Tacey Ann Rosolowski, PhD:

You talked about that last time, yeah.

Barbara Summers, PhD:

So that was a significant point of evolution for practice. I’ve also worked to really formalize our nursing workforce and development programs so that we could ensure that we have a pipeline of clinical nurses, advanced practice nurses, and nursing leaders for the future, and that’s been an effort that I have had under way for probably the last eight years, and we continue to refine that. But it’s been very, very successful. We probably have somewhere in the neighborhood of fifty to sixty doctorally prepared nurses in the institution right now, and we continue to have literally hundreds of nurses enrolled in academic graduate programs annually, as well as we’ve done a really nice job of developing and refining our new graduate residency program so that we now hire a hundred to two hundred new graduate nurses every year, put them through a residency program, and that’s been quite beneficial to the nurses and to the organization.

Tacey Ann Rosolowski, PhD:

You had wanted to address the issue of hires, too, faculty hires.

Barbara Summers, PhD:

Mm-hmm. That was really—you know, people tell me, “Well, that will be one of your legacies,” is that we were able to—I don’t want to say “advocate.” How about I was able to build on the professional history of nursing here at MD Anderson and the accomplishments of all the people who preceded me, and leverage a window of opportunity that presented itself to formally create a department, academic Department of Nursing within the organization that is equivalent to the other academic departments, whether it’s an academic Department of Neurosurgery or an academic Department of Psychiatry or an academic Department of Thoracic Cardiovascular Surgery. We have a Department of Nursing.

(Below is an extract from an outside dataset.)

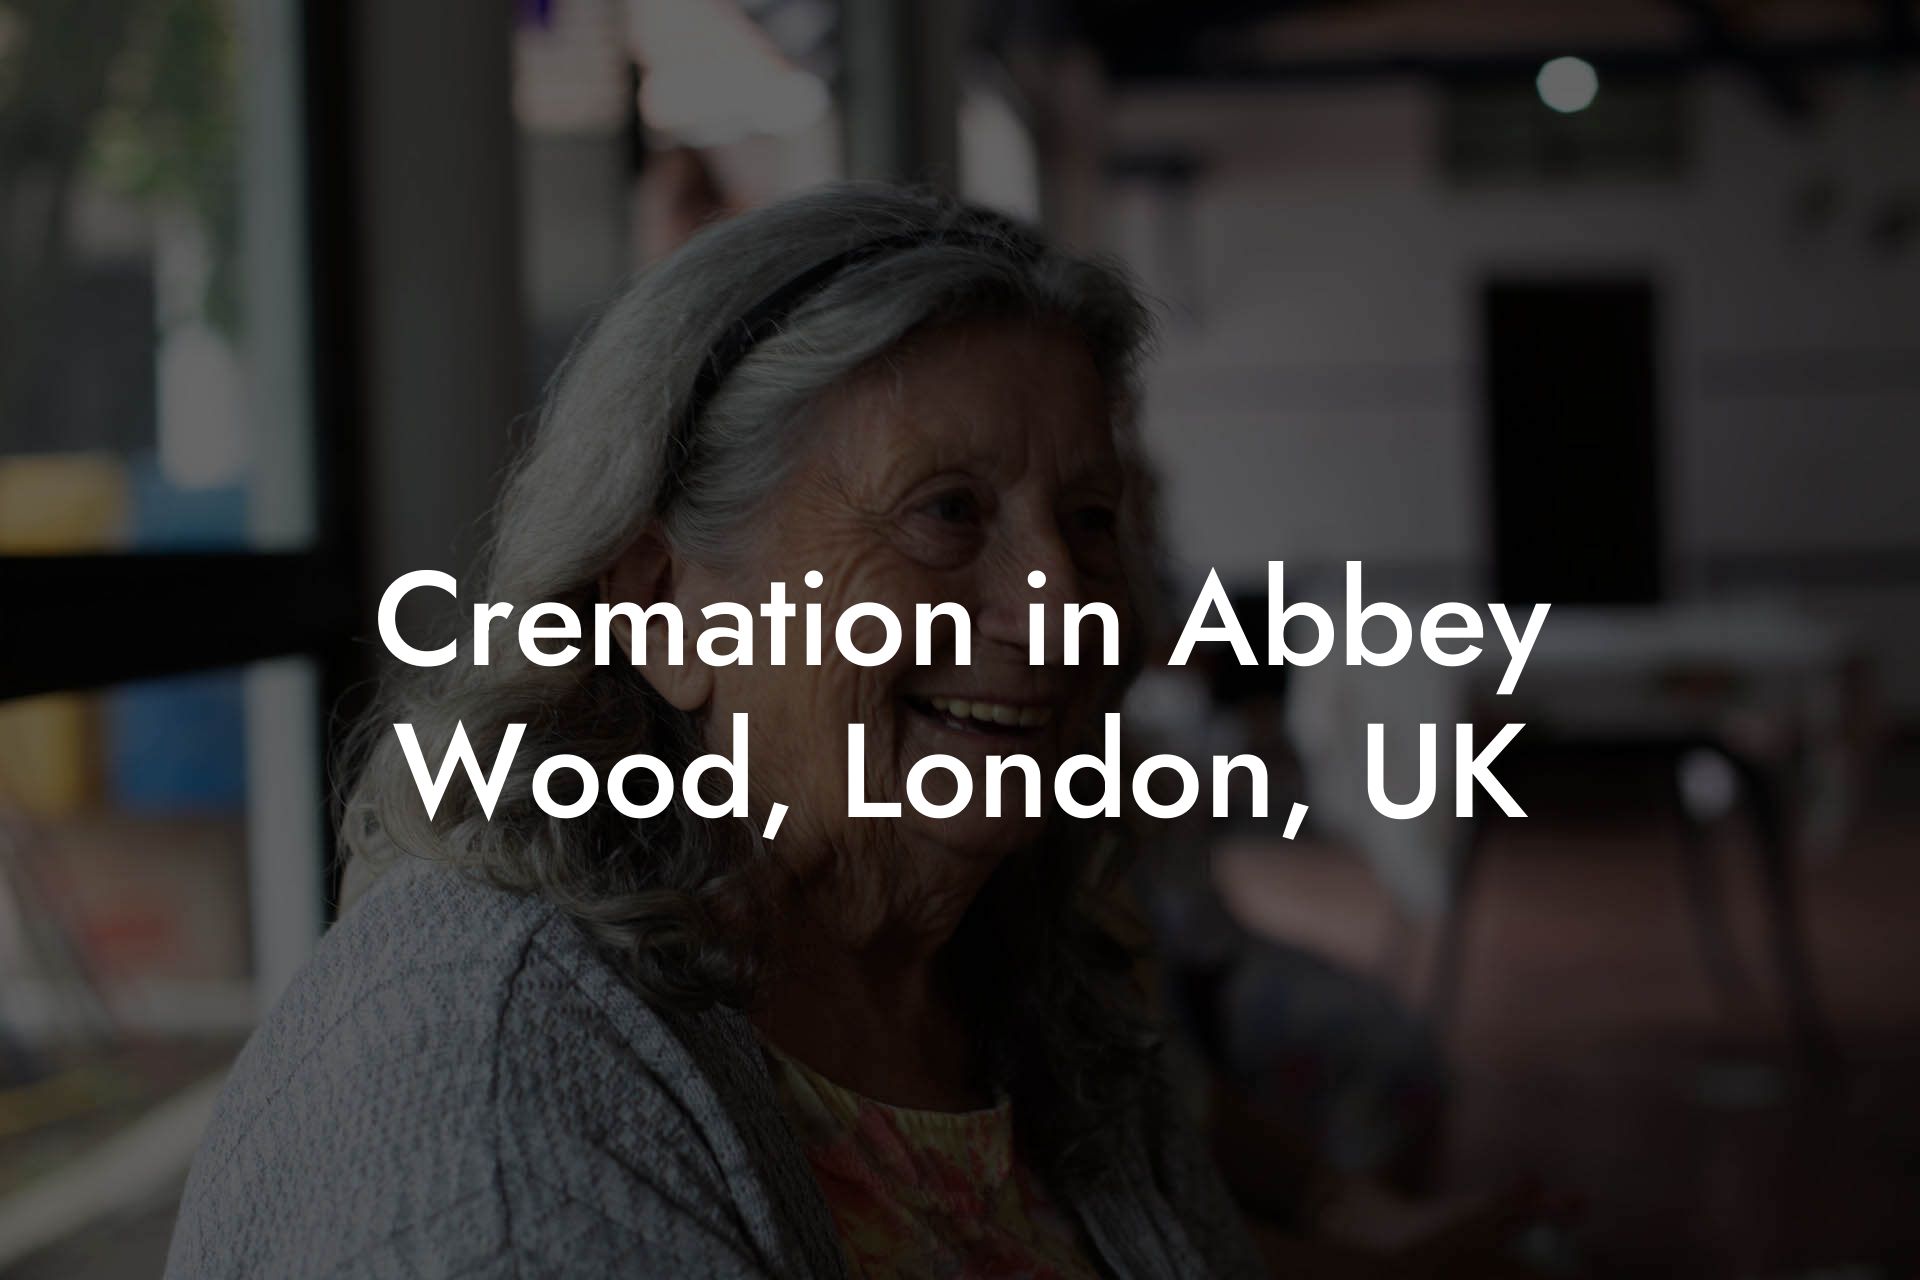 Cremation in Abbey Wood, London, UK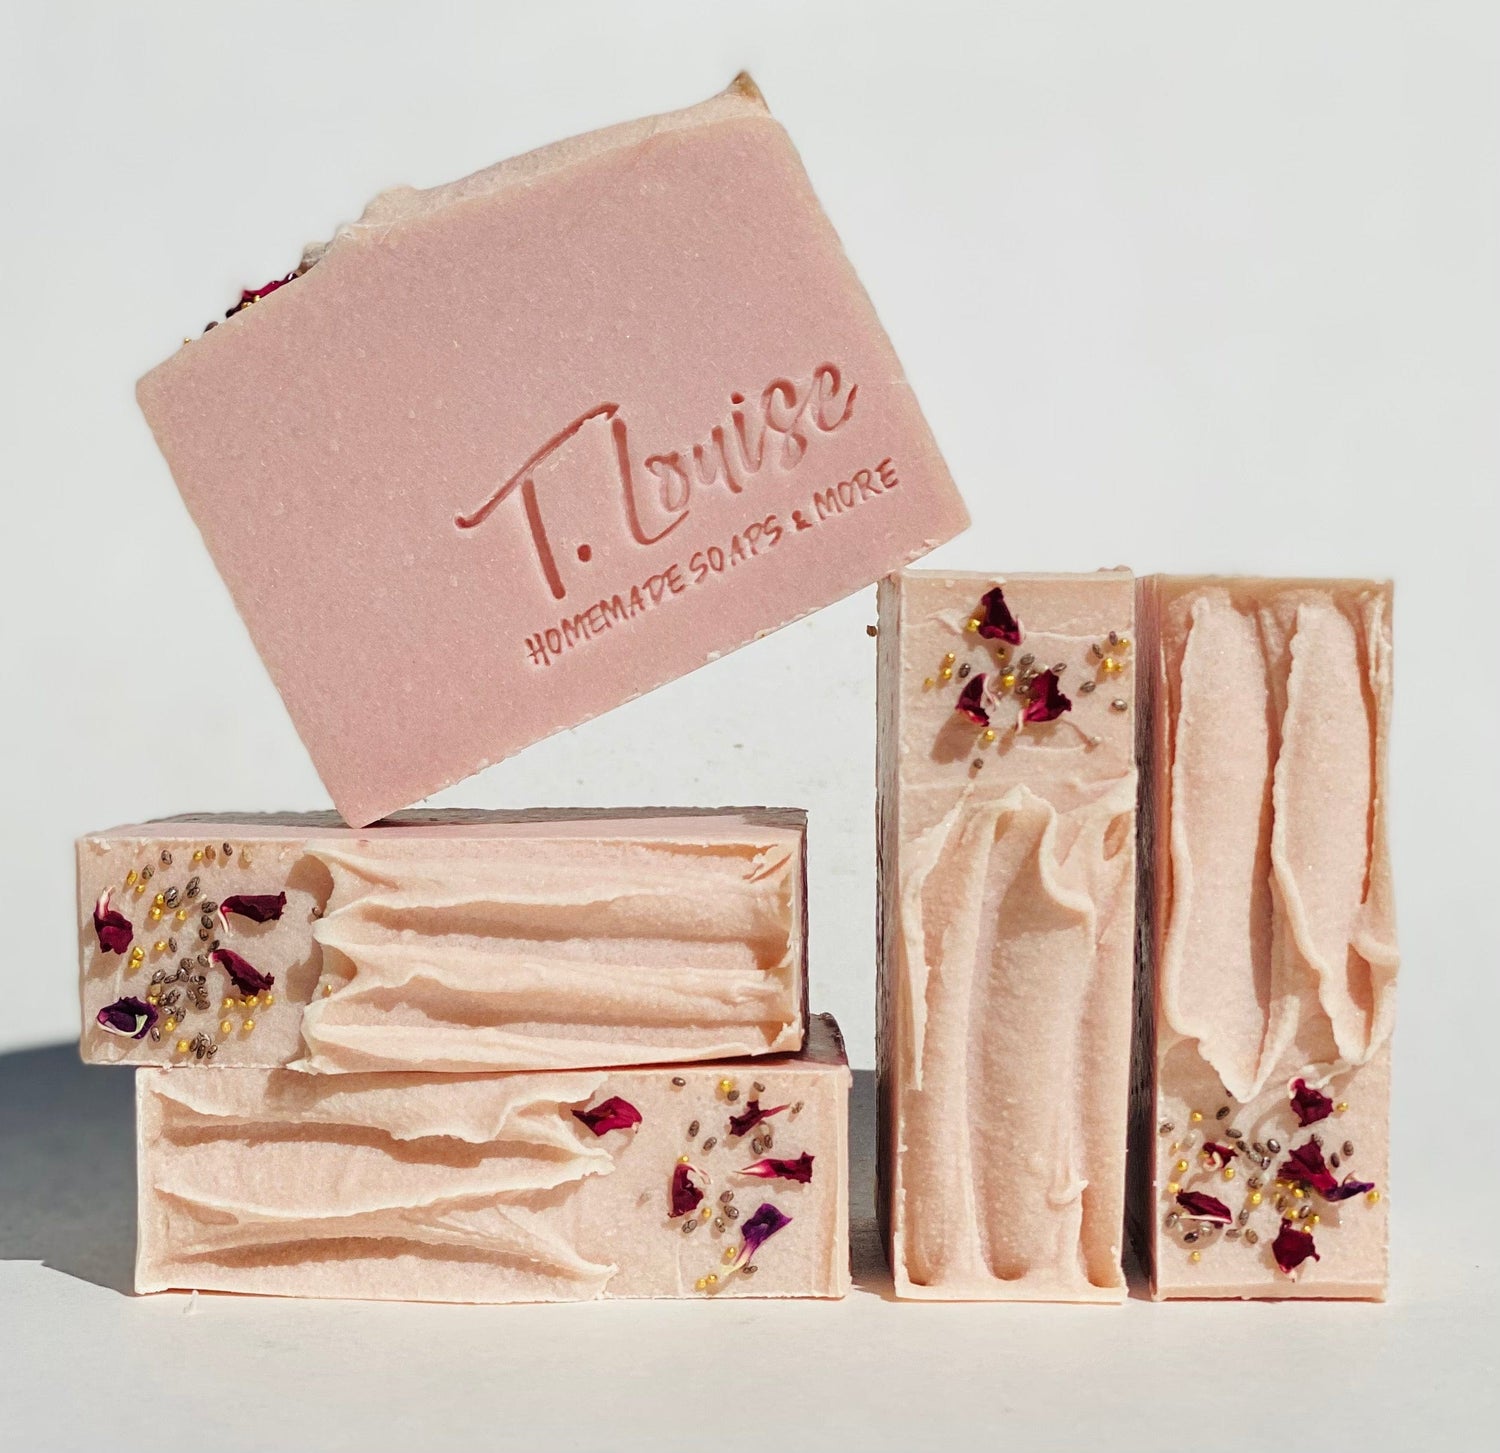 Mulberry and Thyme handmade soap T Louise handmade soaps

Tacey Ann Rosolowski, PhD:

Just so I understand the administrative structure, where does the department sit vis-à-vis the division?

Barbara Summers, PhD:

The department resides within the division. Just as the Department of Neurosurgery and the Department of Thoracic Surgery reside within the Division of Surgery, the Department of Nursing resides within Division of Nursing. The key for the establishment of the department academic structure is that that’s the framework necessary to appoint nurses to be members of the faculty at MD Anderson, and our physicians here are all faculty members, and they may have a component of education in their roles because we have fellows or residents here, but were not faculty like you would see in a School of Medicine or a School of Nursing. Yet the nursing faculty here within our Department of Nursing must demonstrate that they are making contributions in the areas of innovation and research, in service to the institution, in education of doctoral students or graduate students, and then in their area practice, whether it’s clinical practice or administrative practice.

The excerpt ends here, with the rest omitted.